- [Brief] A verbatim reproduction of the following listing is required; omit the pictures.

- [Stored data]
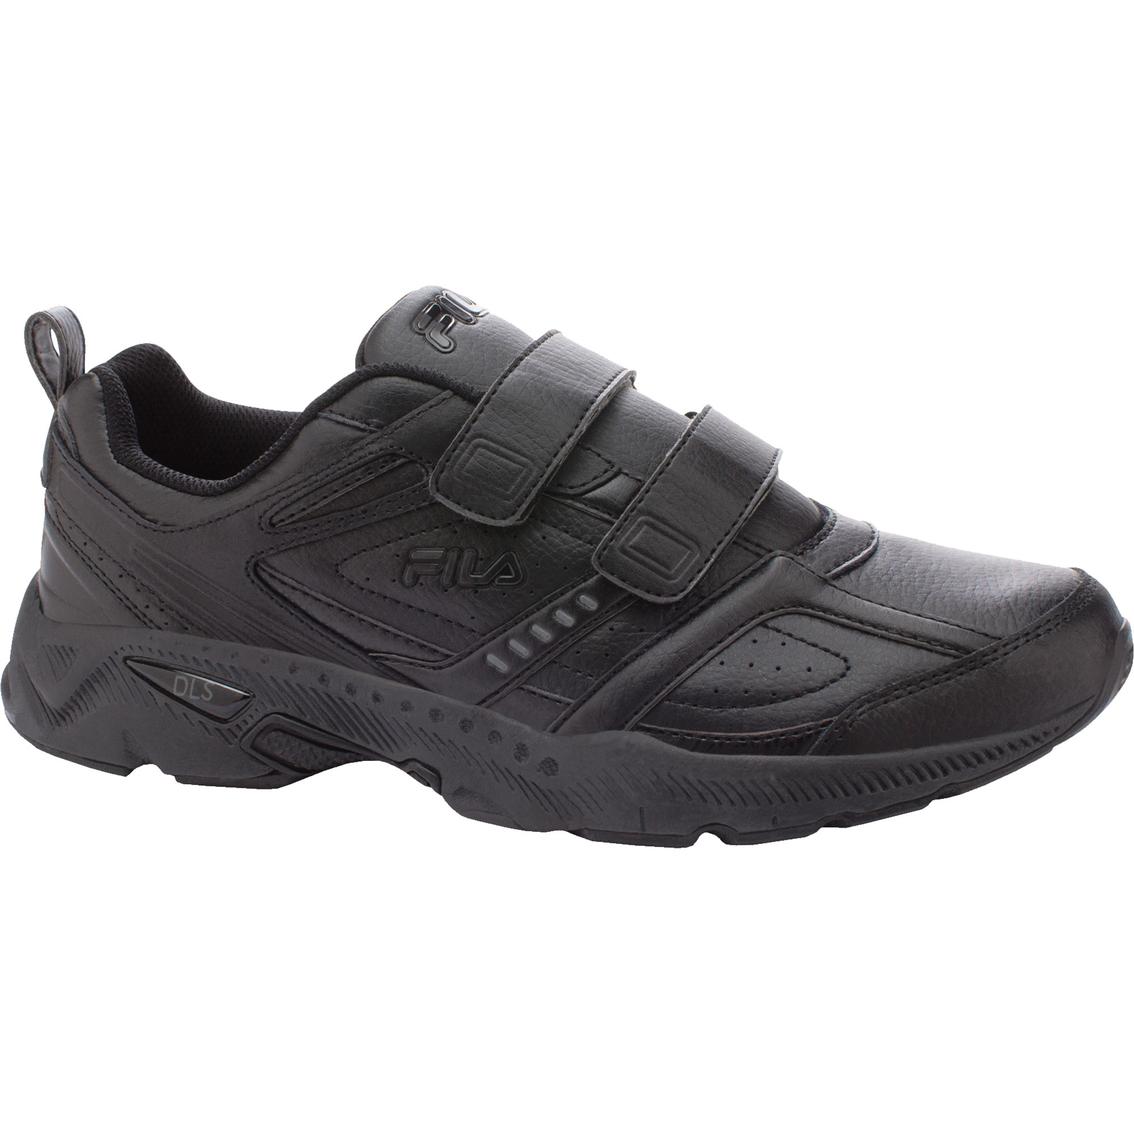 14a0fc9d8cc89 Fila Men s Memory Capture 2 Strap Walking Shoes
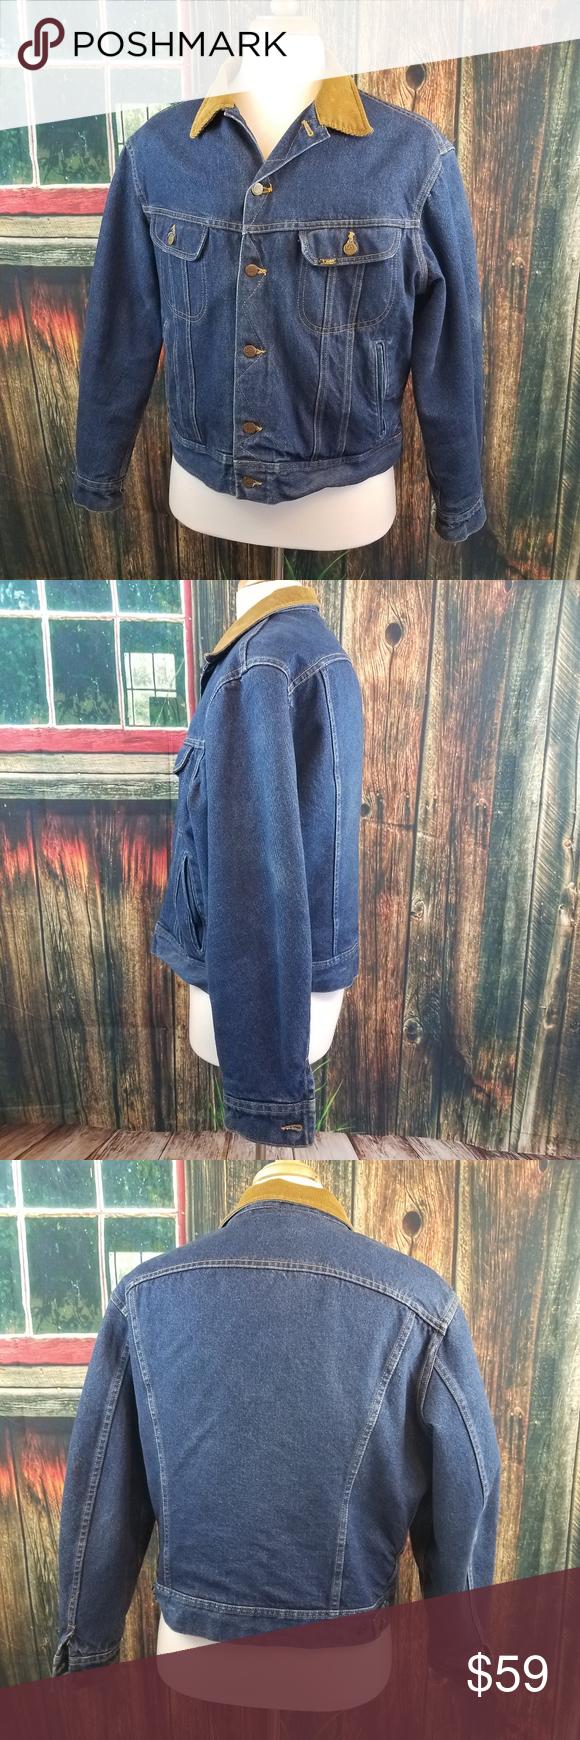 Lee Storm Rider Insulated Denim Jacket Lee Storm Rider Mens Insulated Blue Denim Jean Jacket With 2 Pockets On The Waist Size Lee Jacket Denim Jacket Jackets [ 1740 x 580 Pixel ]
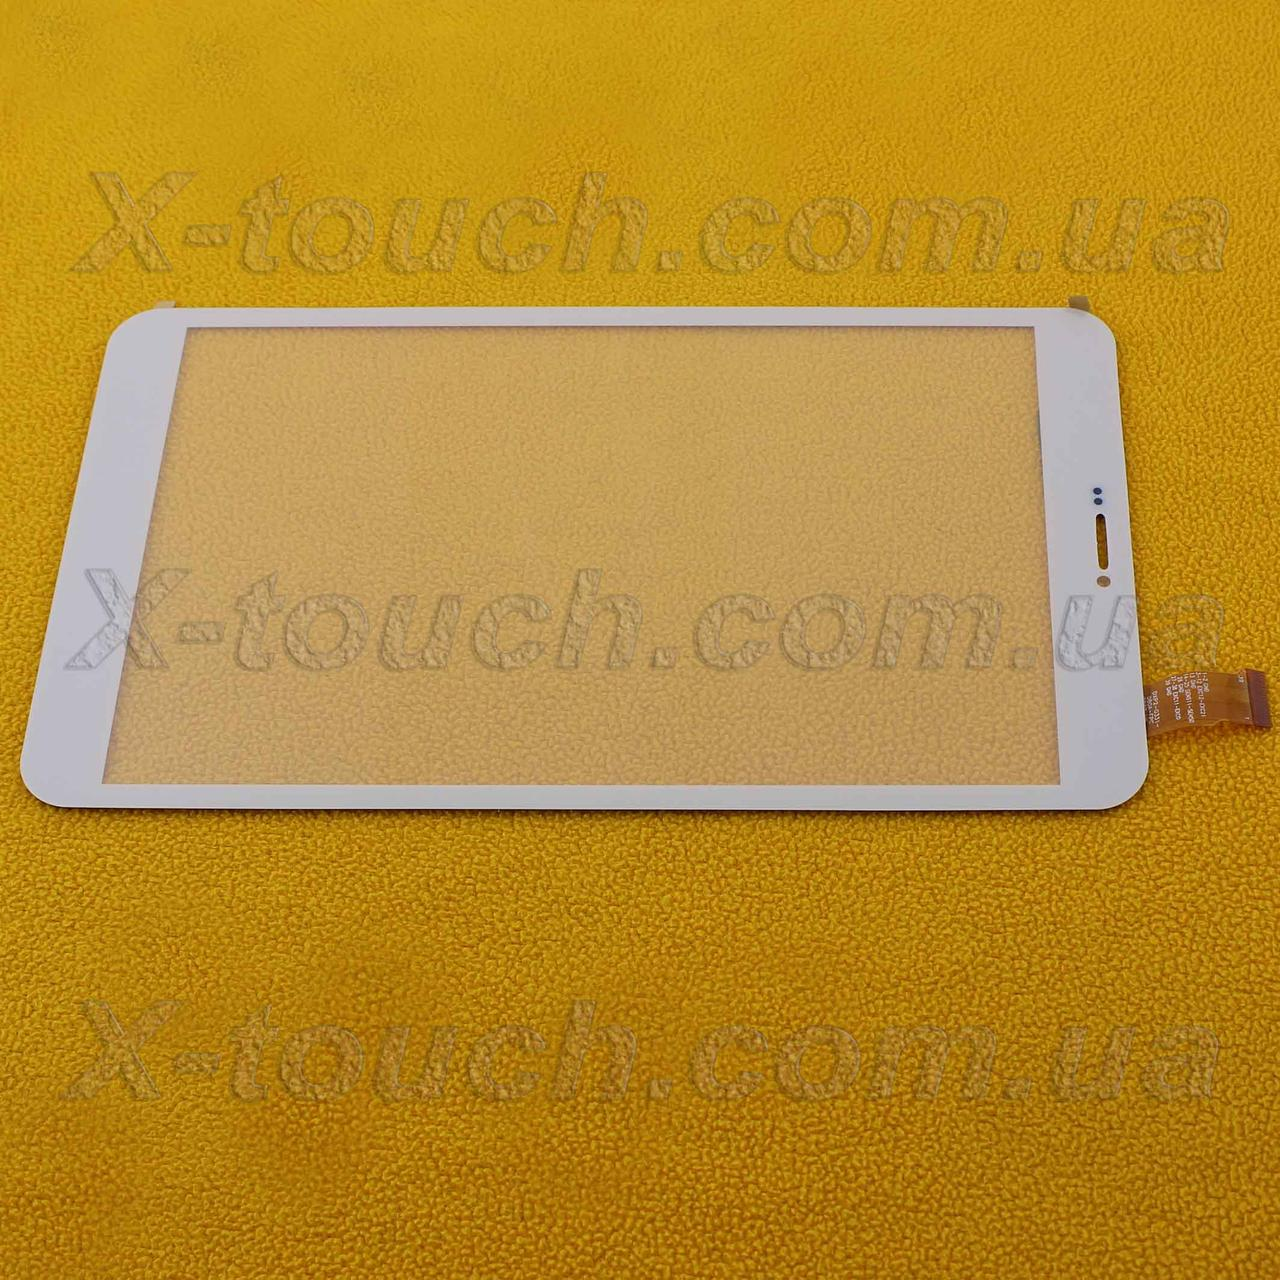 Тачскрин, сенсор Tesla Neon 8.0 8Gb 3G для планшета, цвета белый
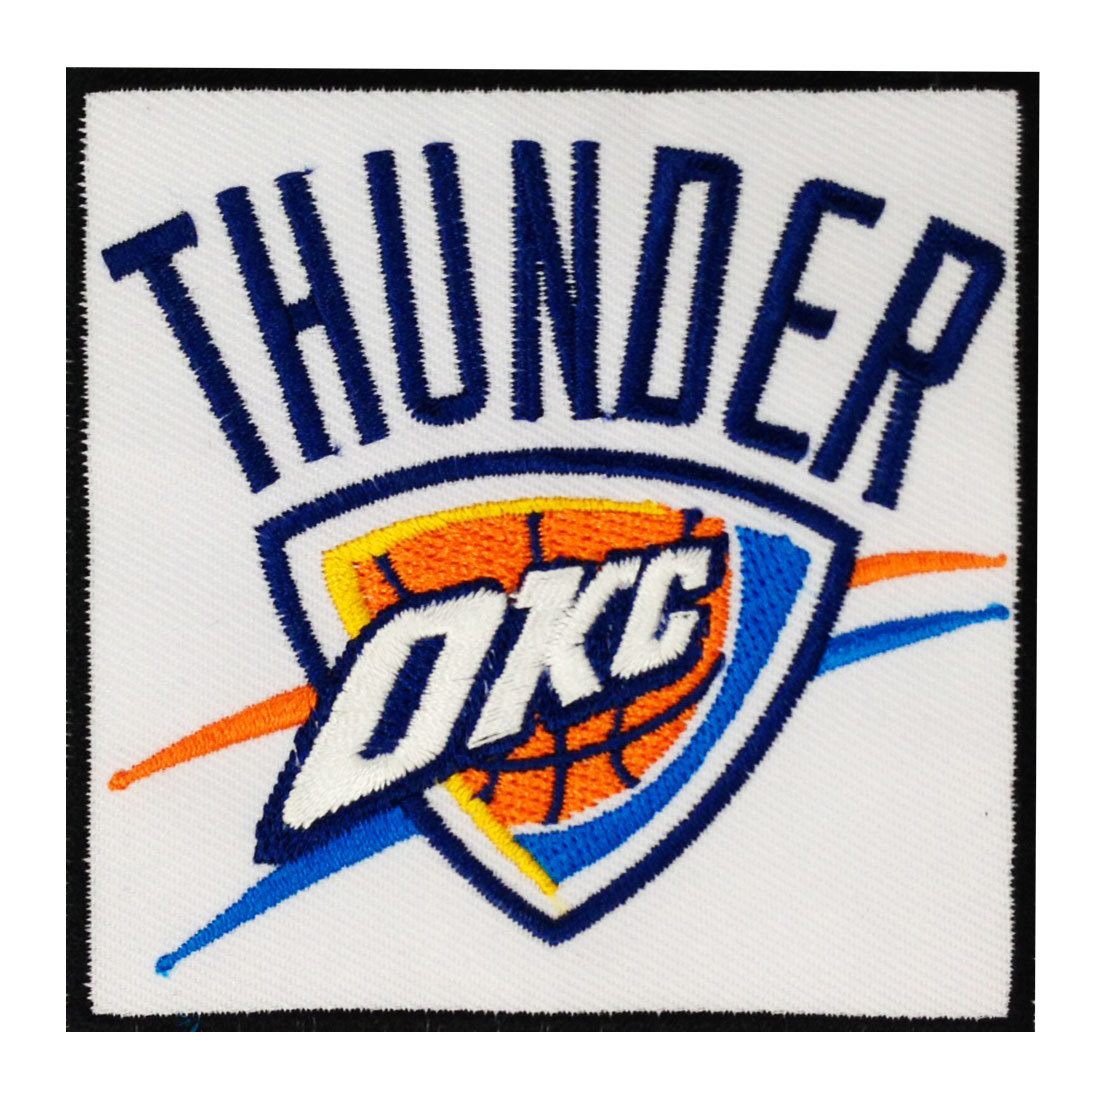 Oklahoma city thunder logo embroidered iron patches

- [Task result]
 14a0fc9d8cc89 Fila Men s Memory Capture 2 Strap Walking Shoes
 Lee Storm Rider Insulated Denim Jacket Lee Storm Rider Mens Insulated Blue Denim Jean Jacket With 2 Pockets On The Waist Size Lee Jacket Denim Jacket Jackets [ 1740 x 580 Pixel ]
 Тачскрин, сенсор Tesla Neon 8.0 8Gb 3G для планшета, цвета белый
 Oklahoma city thunder logo embroidered iron patches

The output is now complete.